New High Pay Centre research suggests top companies are ignoring rules requiring them to relate executive pay to pay for ordinary workers
A new report from the High Pay Centre published this week shows how the UK’s biggest companies are ignoring rules on executive pay.
The Large and Medium Size Companies Regulations and the Corporate Governance Code require UK listed companies to show how they took pay and conditions for all employees into account when setting executive pay.
This is intended to stop top bosses grabbing an unfair share of the rewards for companies success and prevent the pay gap between the super-rich and ordinary workers from widening.
However, our research found that FTSE 100 Companies are flouting these regulations
- 84 FTSE 100 Companies fail to provide any evidence of how executive pay compares to pay for ordinary workers across the company
- The remaining 16 companies do commit to increasing workers’ pay in line with executive salaries – however salaries only account for about 20% of the typical executive pay package, with the vast majority of their pay taking the form of bonus or incentive payments.

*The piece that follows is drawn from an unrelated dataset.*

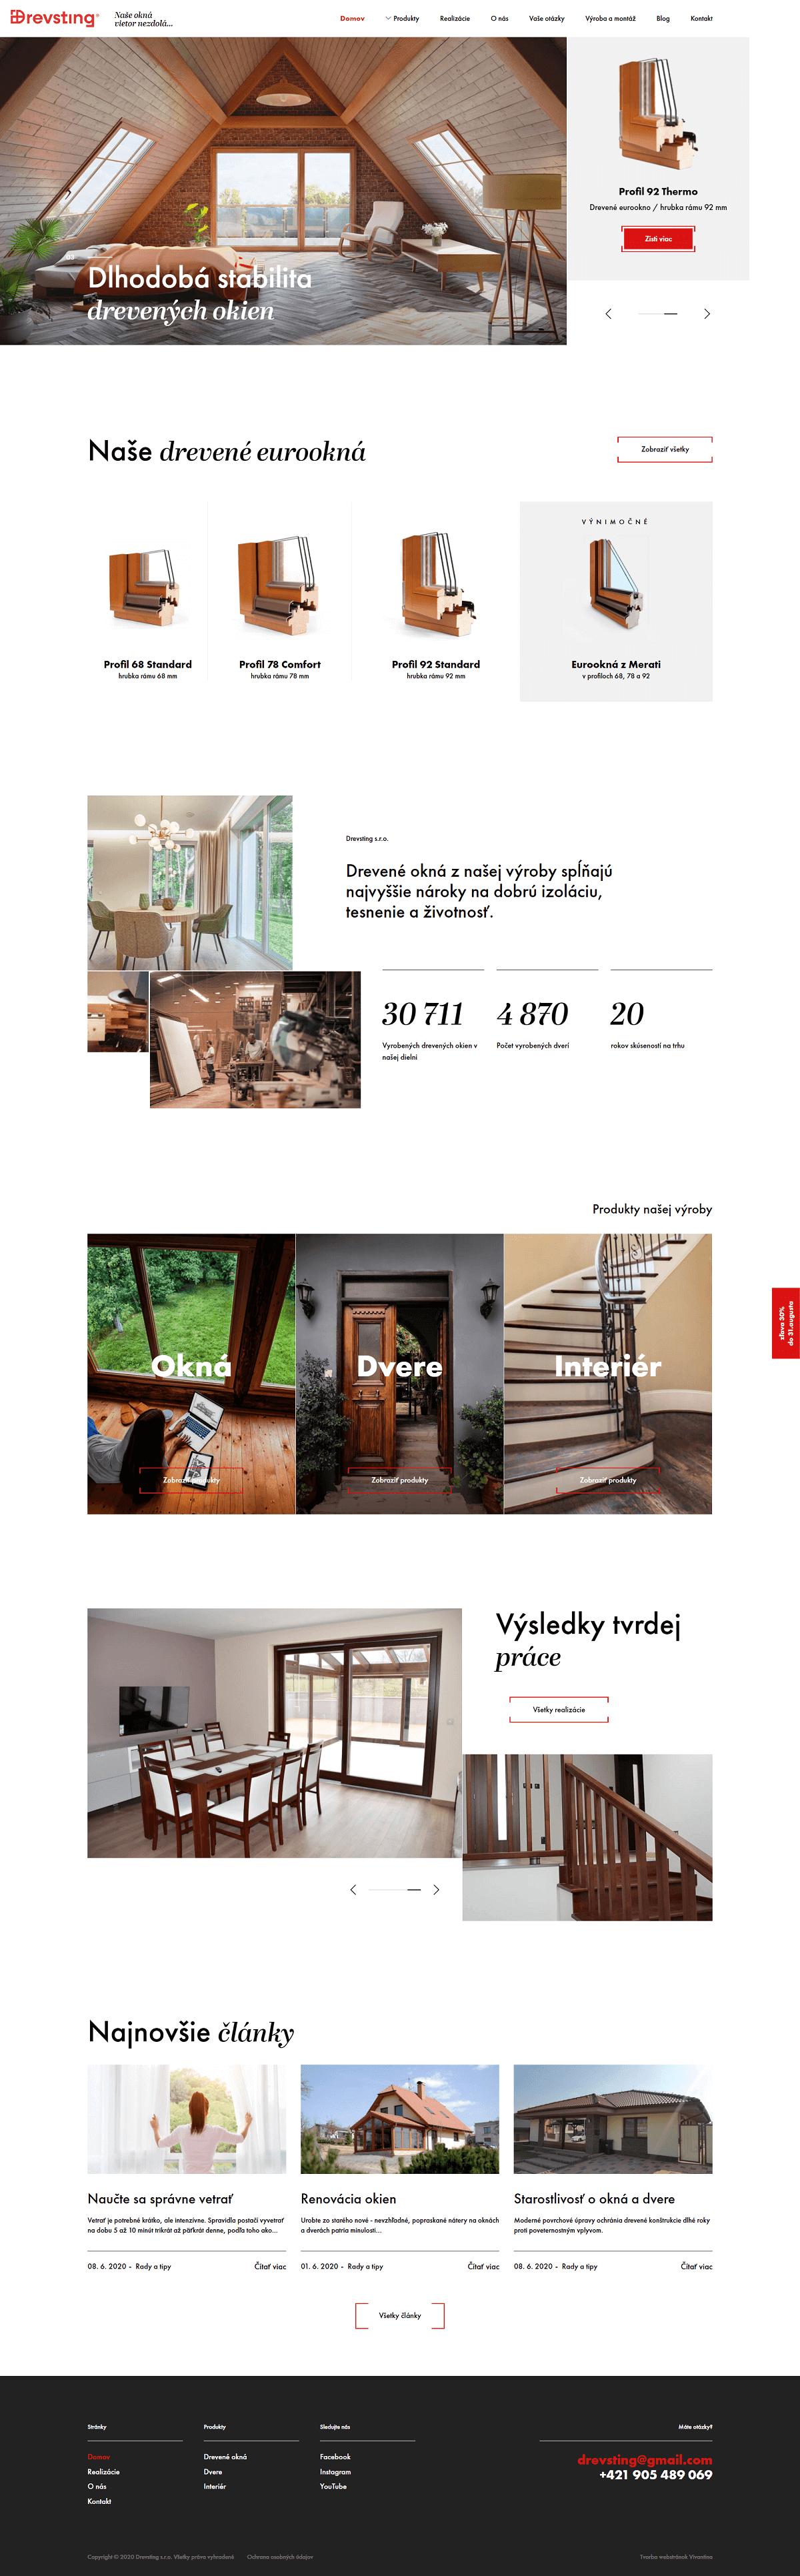 drevsting main page design

Therefore, tying workers’ pay to executive salaries still leaves room for pay at the top to massively outpace pay growth for ordinary employees
As a result of the failure of these regulations, FTSE100 CEO pay has increased from 47 times the pay of their average employee in 1998 to 133 times in 2012.
The High Pay Centre report calls for all companies to publish the pay ratio between their CEO’s pay and that of their lowest paid employee. This would ensure full transparency for shareholders and the general public on the widening pay gap between CEOs and their workers.